Communication is about getting others to adopt your point of view, to help
them understand why you’re excited (or sad, or optimistic or whatever else you
are.) Unless you’re an amazing writer, it’s awfully hard to do that in a
report."

------
CWuestefeld
Last month I tried, for the first time, to go with the _Presentation Zen_
thing, and I think it turned into one of the best presentations I've ever
done.

On the other hand, one key person from the audience has asserted just this
morning that I failed to tell her a piece of information that is critical to
her. I remember saying it, and it's right there in the notes for the relevant
slide.

But boy, do I wish that I had a slide with bullet points on it, so I could
show her: "Oh yeah? Well, what's this?".

------
weinada
PPT is a great tool. It's just used incorrectly by the masses.

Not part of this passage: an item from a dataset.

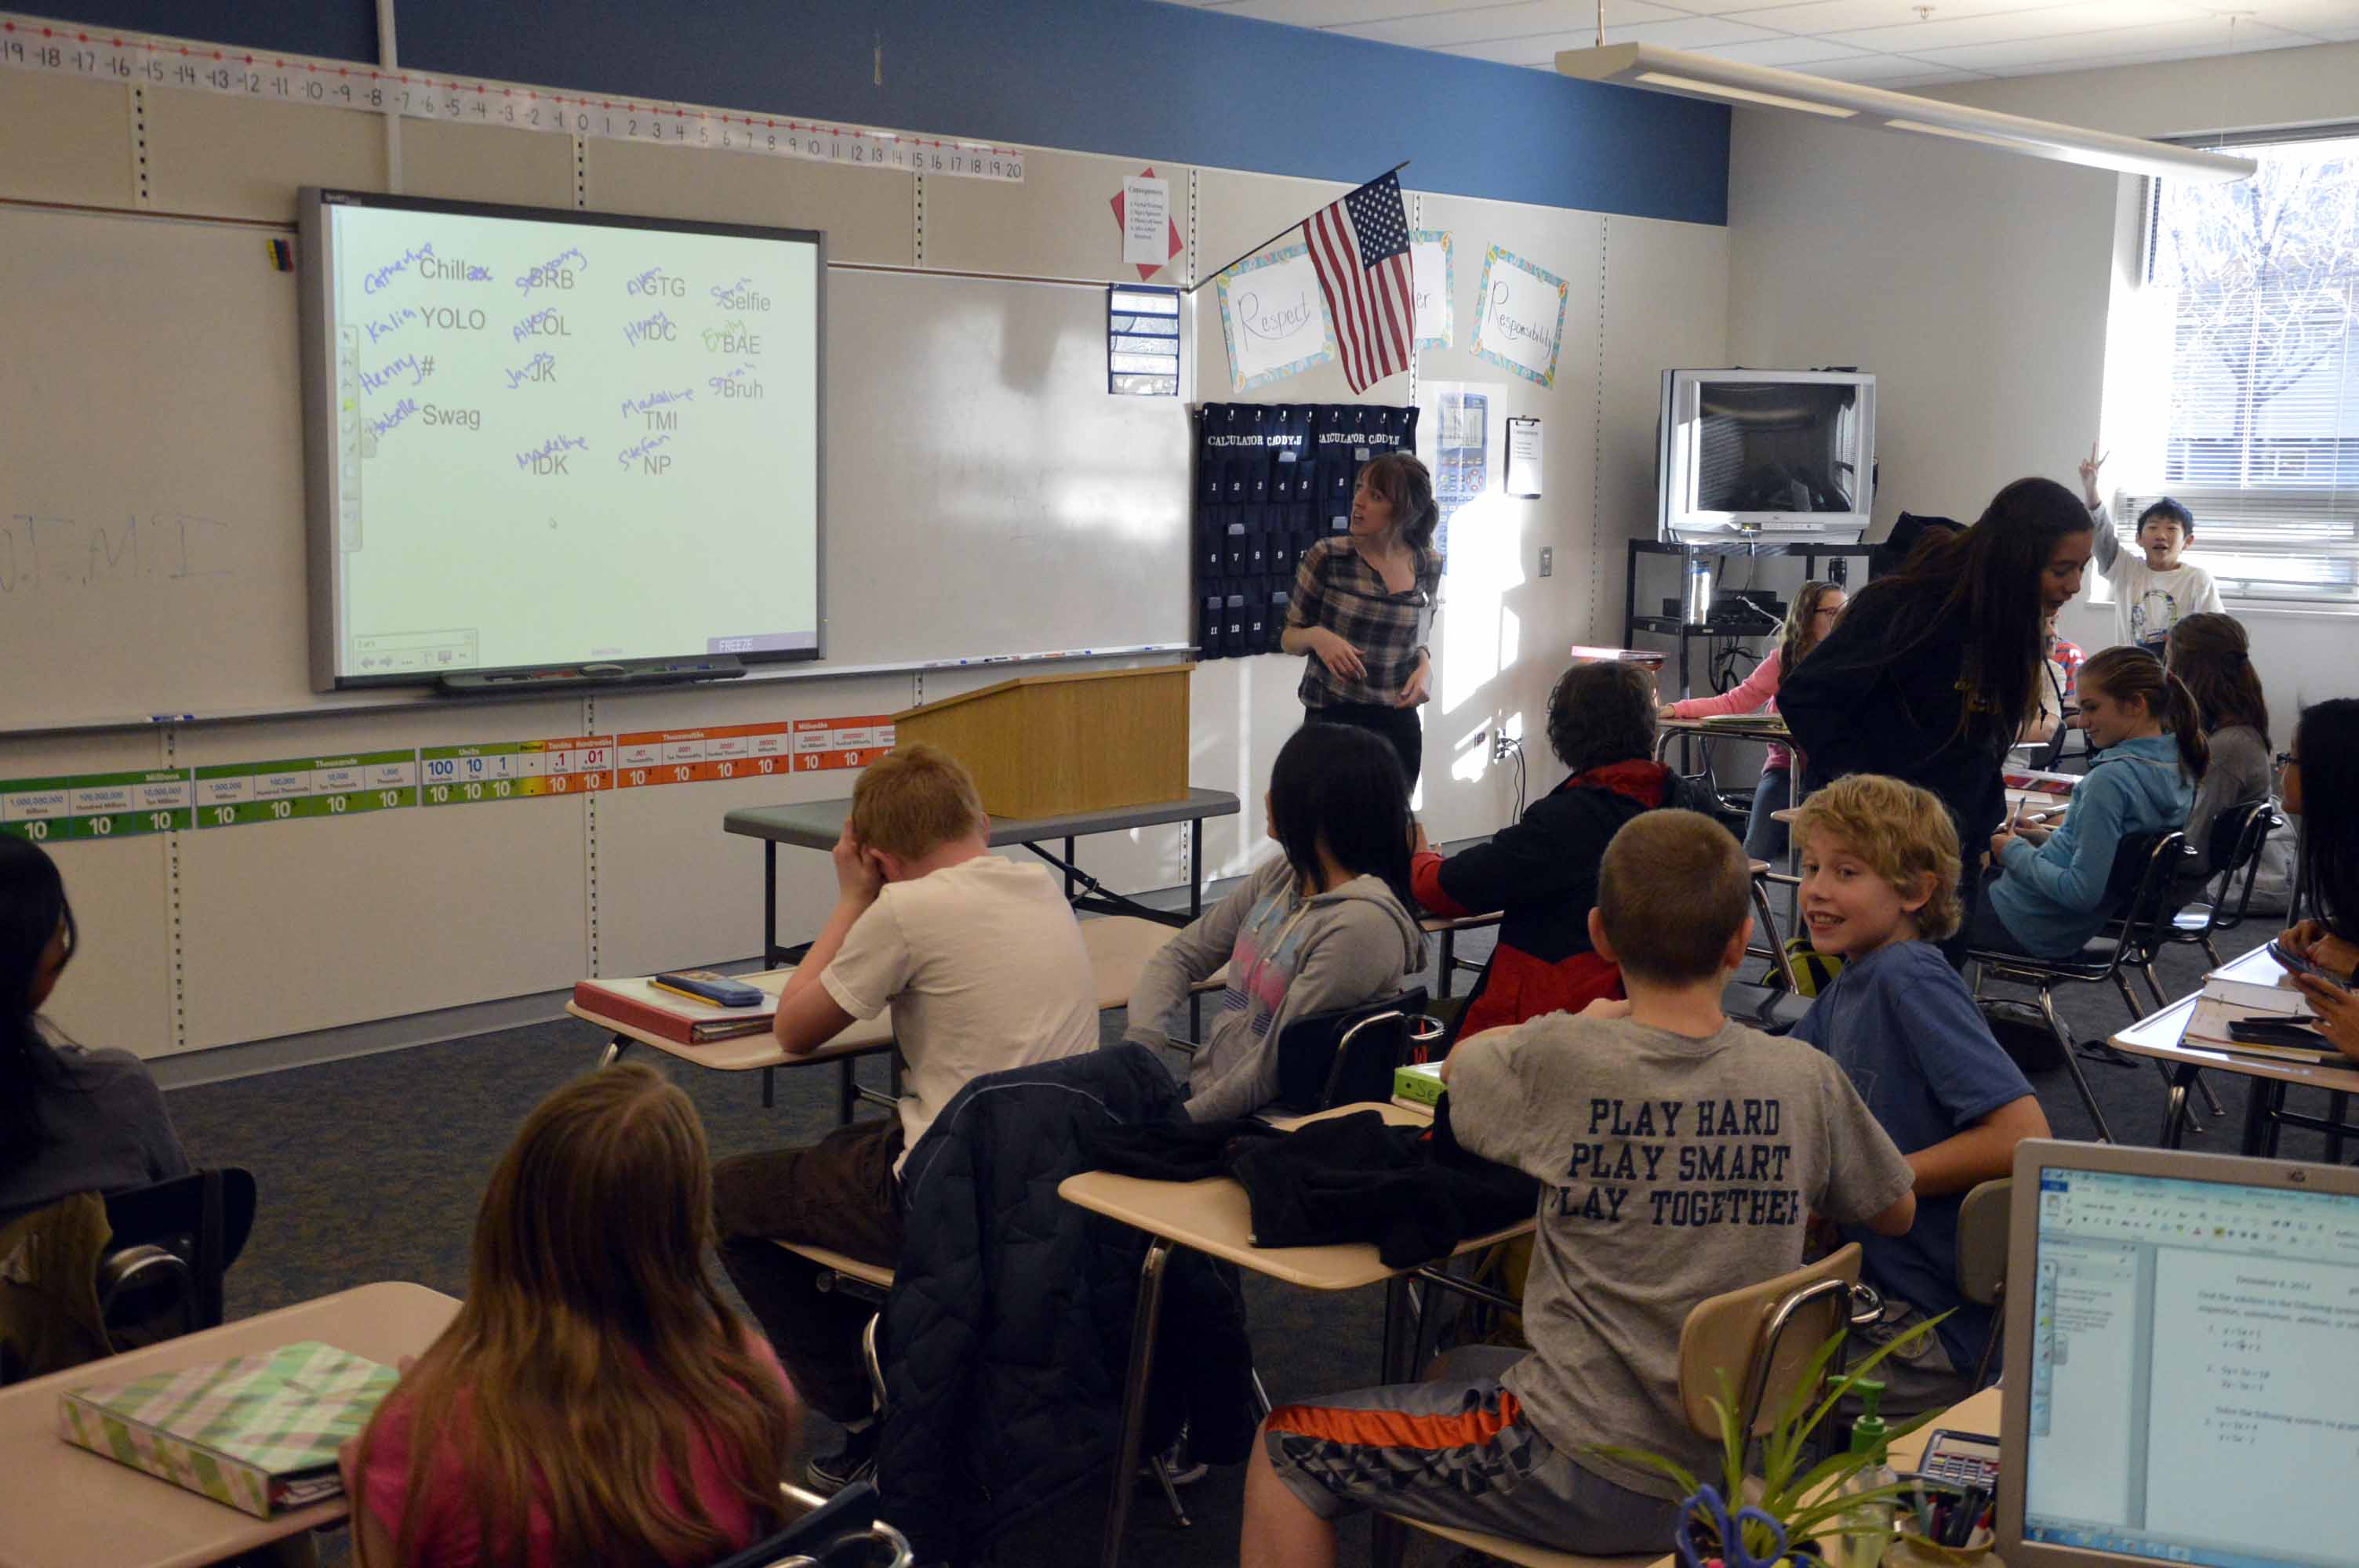 Wasatch Jr. High uses student-led workshops to reach out to community members

As someone already mentioned it's best leveraged for support. In most cases as
a visual aid. If you can get by without using any words and all imagery then
it's more likely to an entertaining presentation.

I also say this knowing that it all depends on the intended audience.

------
edw519
<http://www.norvig.com/Gettysburg/index.htm>

------
justin_hancock
Another tip, prepare your presentation on paper using a spider diagram,
central theme in the middle, sub-topics adding legs, add extra spiders on
spiders as required. You can make something like this very quickly (less than
30 minutes) especially when you know your subject it's a handy cue for the key
topics. It can be used to help prepare a PowerPoint however stick to the
recommondations on here and in the link.

------
movix
I try and use as little text as I can on the slides, and just one, or a couple
of key images. I find this really helps if I stumble in what I'm saying, or
lose track as I don't use paper notes to speak from. Glancing at an image
strongly related to your subject really helps to get you quickly back on
track.

Great public speaking skills are such a gift - just wish it was one I had.

------
fburnaby
Lawrence Lessig makes very good slide shows. He does this thing with html-
style meta tags that are very cool. He talks, while the slides outline the
context.

------
jodrellblank
Why does it take a presentation expert to say PowerPoint presentations are
often boring?

Tens of thousands of victims, er, people could have told him that over the
past 15-20 years.

------
onreact-com
This has been submitted already earlier with the original headline:
<http://news.ycombinator.com/item?id=772471>